• _Problem to solve_
Copy, exactly as written, the lines that begin at the one containing "Münze zeigt Papst" and end at the one containing "Planar PD520 manual". Skip any pictures in the data below.

• _Given records_
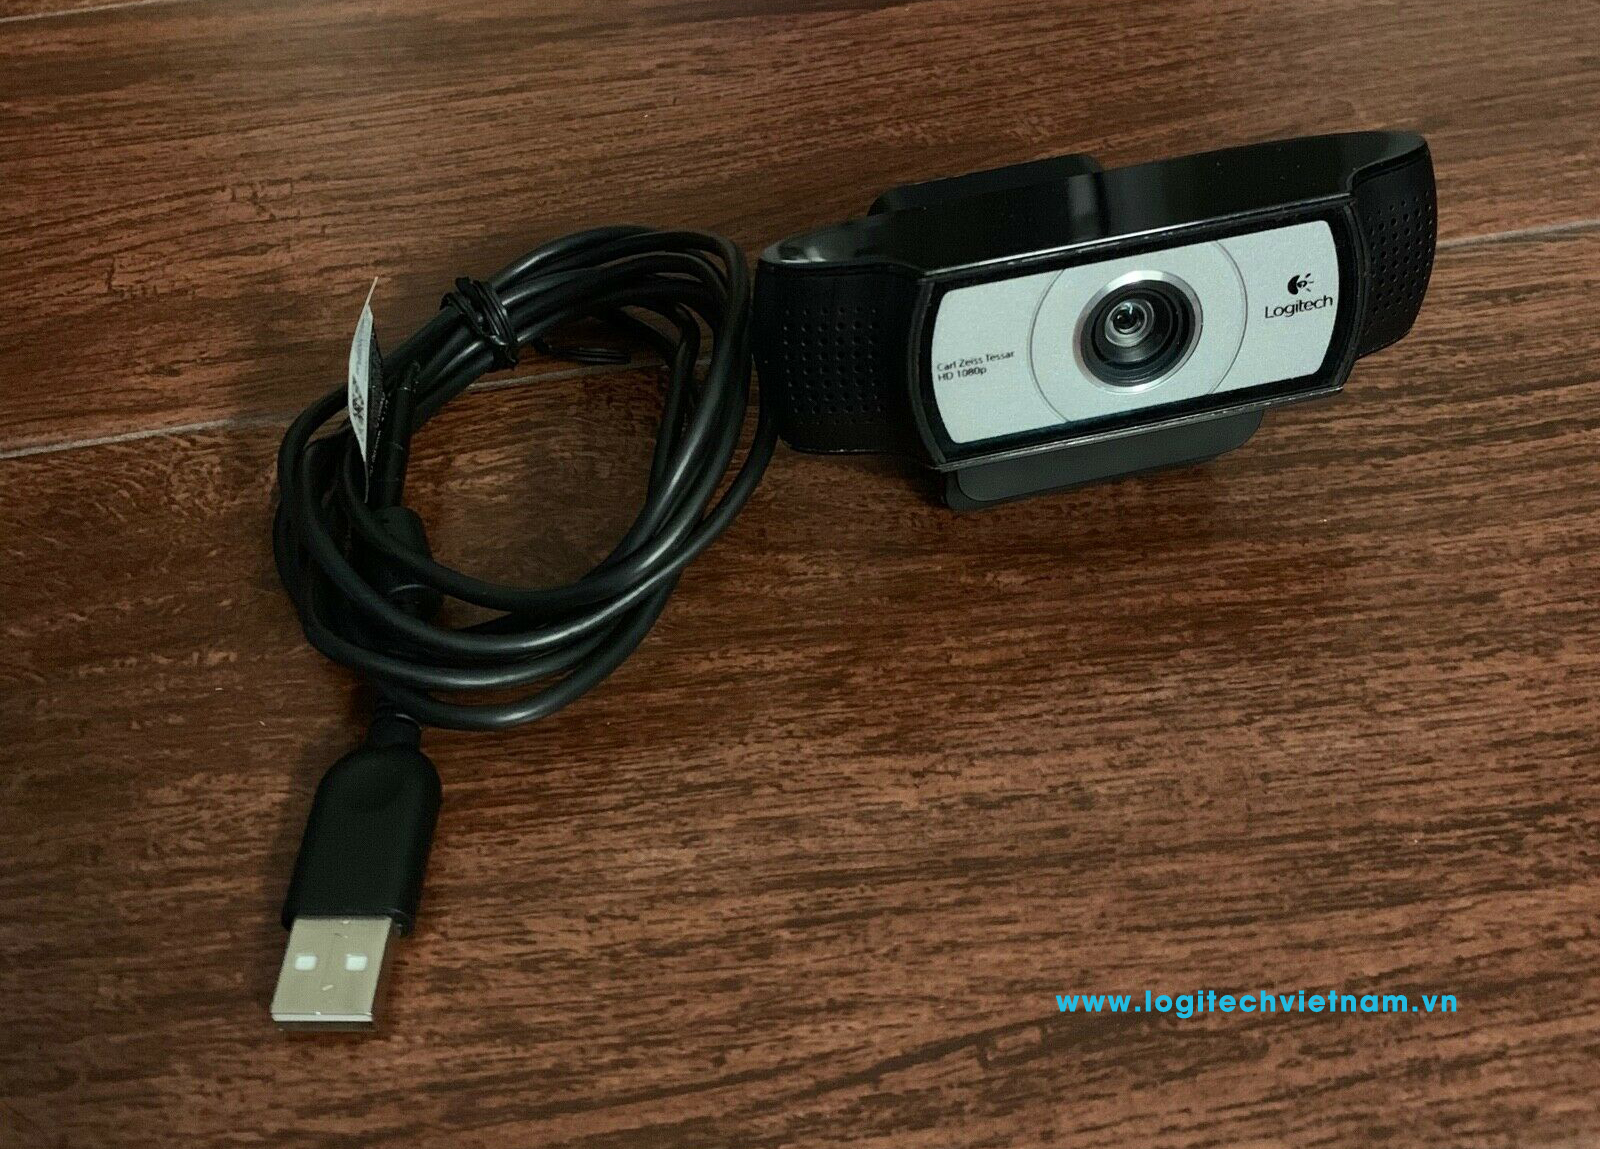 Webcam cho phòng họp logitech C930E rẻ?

==

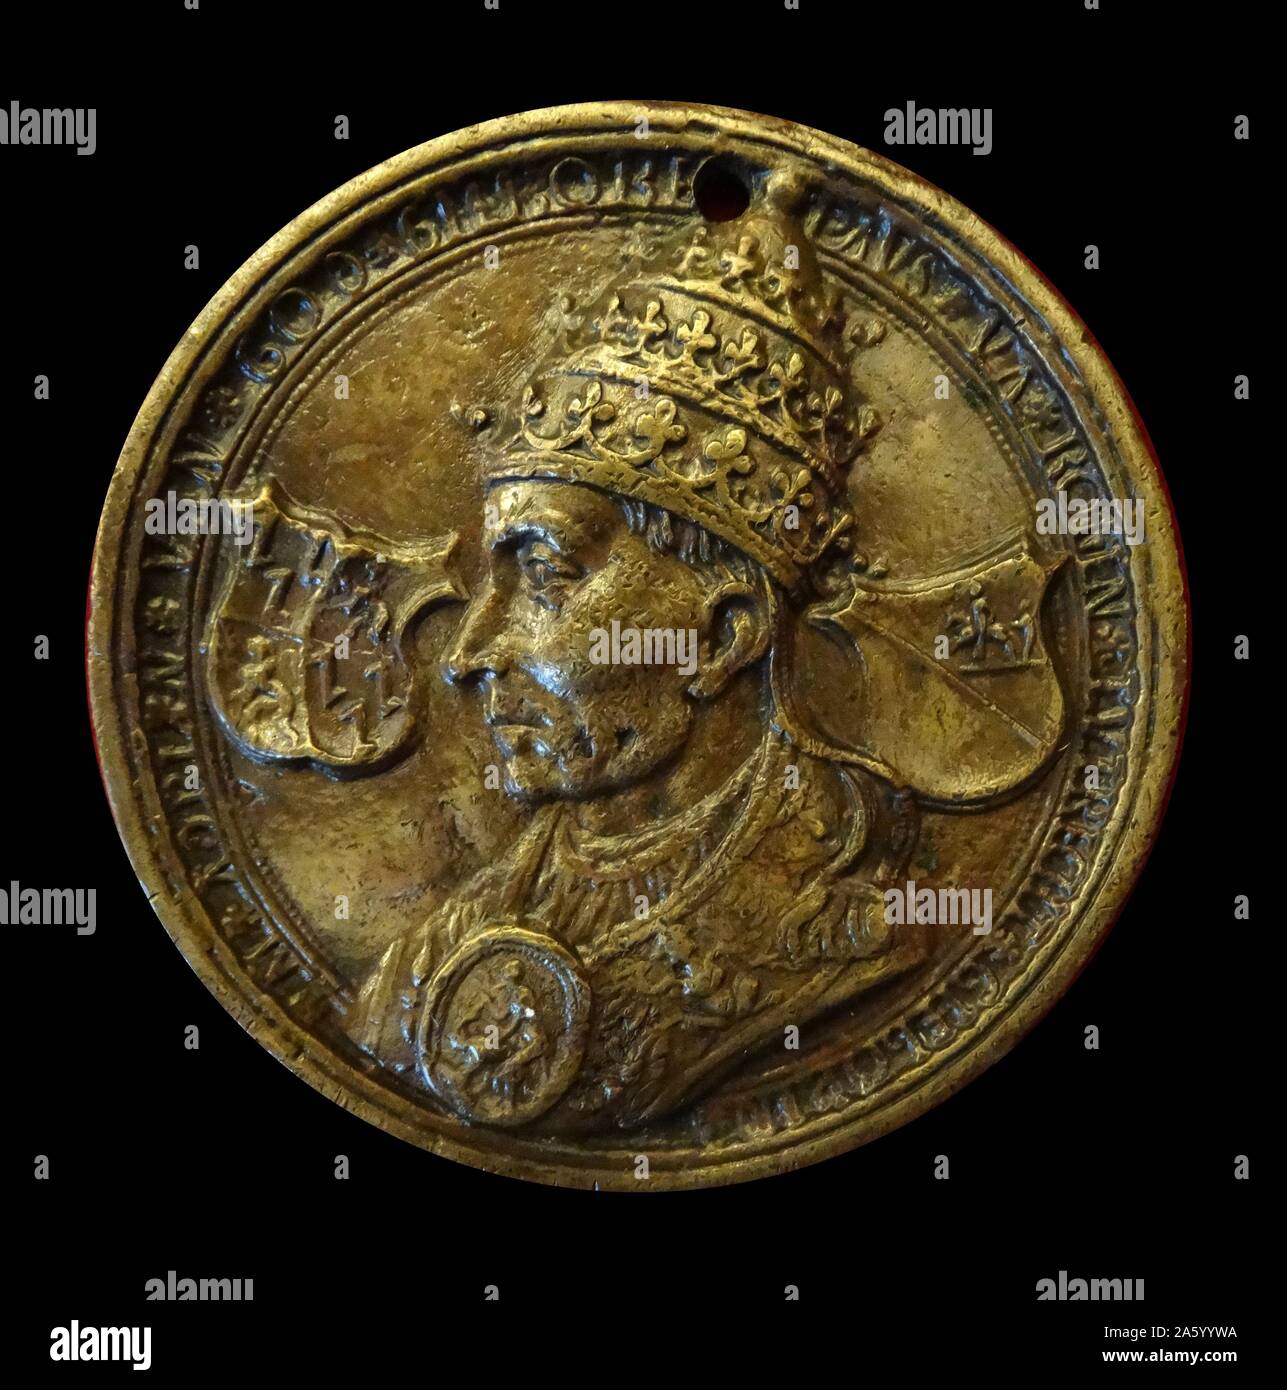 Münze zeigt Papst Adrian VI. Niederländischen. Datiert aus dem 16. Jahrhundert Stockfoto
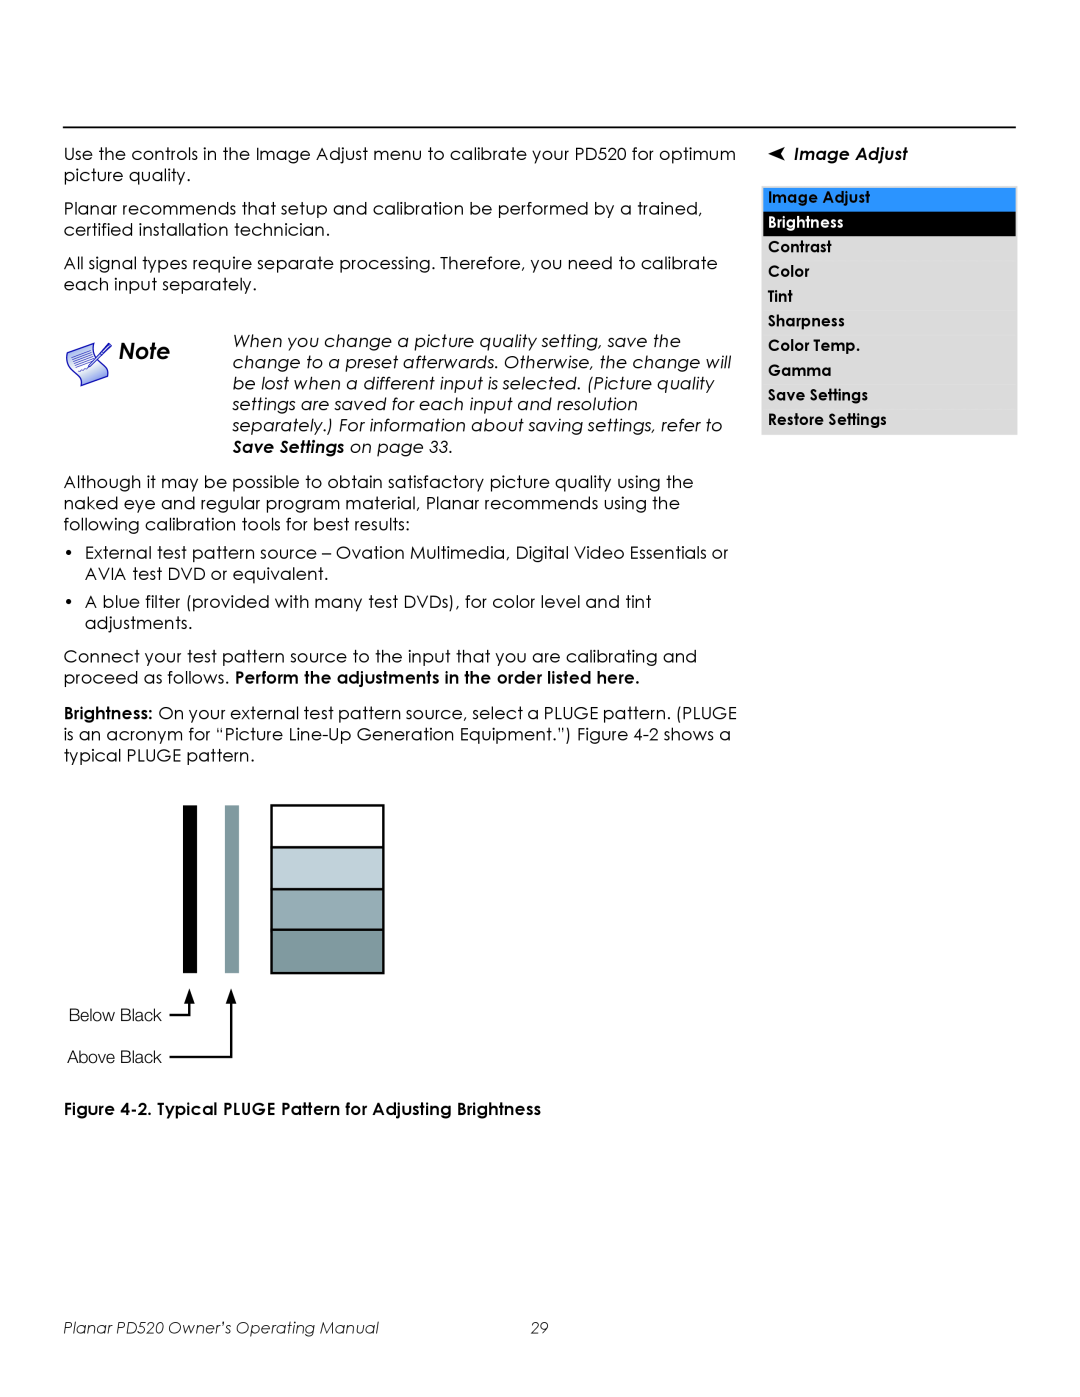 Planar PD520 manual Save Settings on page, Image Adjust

---

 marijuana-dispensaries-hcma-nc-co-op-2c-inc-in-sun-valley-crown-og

• _The completed task_
 Münze zeigt Papst Adrian VI. Niederländischen. Datiert aus dem 16. Jahrhundert Stockfoto
 Planar PD520 manual Save Settings on page, Image Adjust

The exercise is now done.